In the process of pursuing the development of building energy efficiency, passive design plays a vital role. In the design stage, the designer needs to achieve a balance between various optimization goals through the architectural design itself. The framework of “modeling simulation optimization prediction” is adopted for performing calculations. This paper proposed a multiobjective optimization model for the optimization of window opening and shading of a science and technology service center building in the tropical zone, so as to achieve a better balance between energy consumption, UDI, and PMV. The design variables used in the study included WWR, window height, and shading device size, which were optimized by a multiobjective genetic algorithm to generate a Pareto boundary, and provide multiple optimization solutions that meet these three objectives, so that the designer can choose the optimal solution based on these requirements.

Compared with the target value of the initial solution, the optimized target value obtains a more reasonable value. The results showed that the energy consumption decreased significantly, from 176.58 kwh/m2 to 162.87–163.38 kwh/m2, a decrease of 7.48–7.76%; the value of UDI increased slightly from 72.59% to 72.91%–74.09% and increased by 0.44%–2.07%; the PMV decreased from the initial 1.13 to 0.82–0.84. It was shown that the optimized office area achieved good improvement in energy consumption, daylighting, and thermal comfort, which can effectively realize the energy-saving optimization of the building. In the optimization process of decision variables, WWR had the greatest impact on decision variables, followed by louver variables. The WWR in the west, south, and east was reduced from 0.2 to 0.1, and the increase in horizontal panels and depth of louvers reduced the energy consumption to a lower value, achieving an ideal state of thermal comfort and, at the same time, caused UDI to reach a higher value.

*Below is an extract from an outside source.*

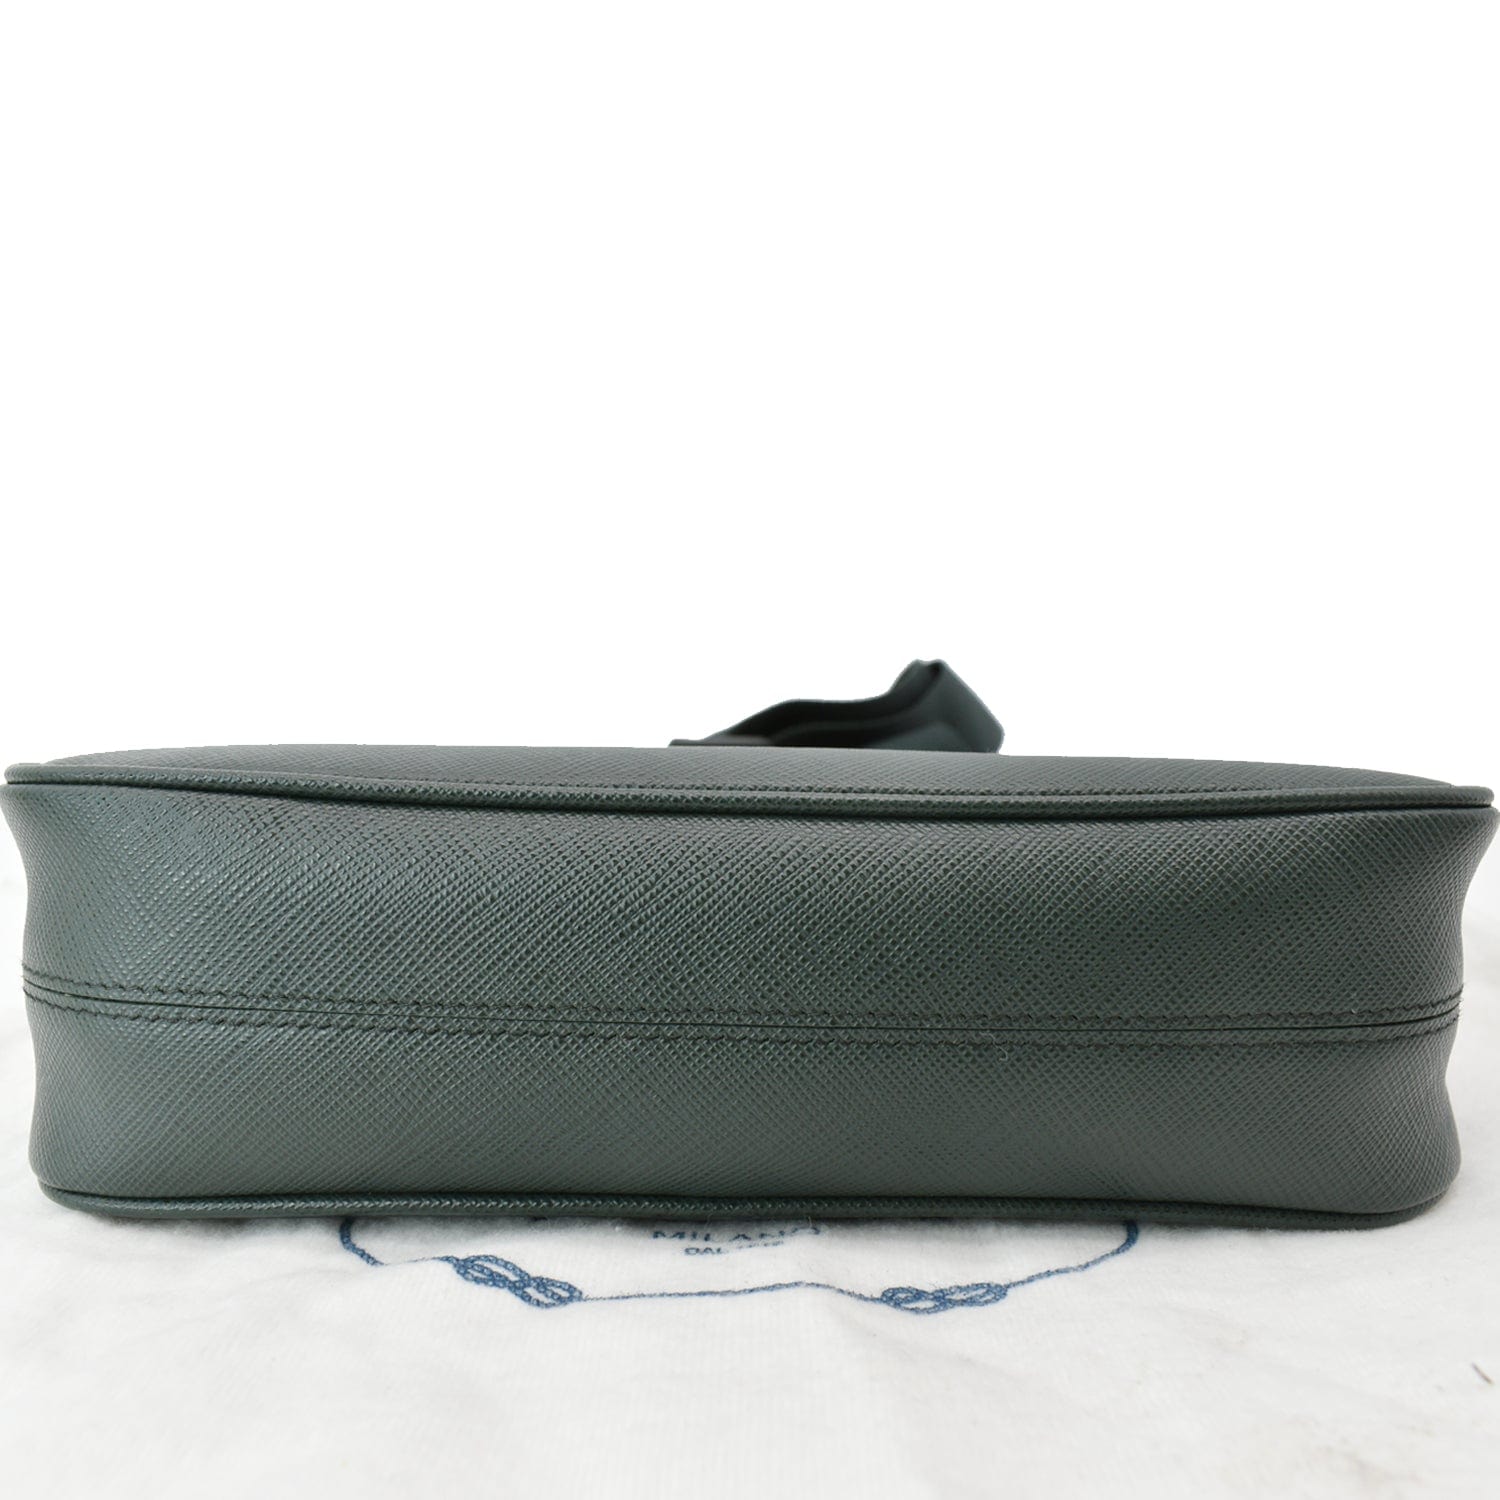 Promenade leather handbag Prada Green in Leather - 36314714

Finally, this paper also introduced the combination of a BP neural network and a multiobjective evolutionary algorithm. Through the alternative model formed by the BP neural network, it achieved good prediction accuracy for the prediction of refrigeration load, useful daylighting illumination, and thermal comfort. Because Sanya has remarkable tropical characteristics, this paper considered Sanya as the research object, which put forward meaningful suggestions for building energy conservation and sustainable development in Sanya.

Data Availability

Data used to support the findings of the study are listed within the article.

Conflicts of Interest

The authors declare that they have no conflicts of interest.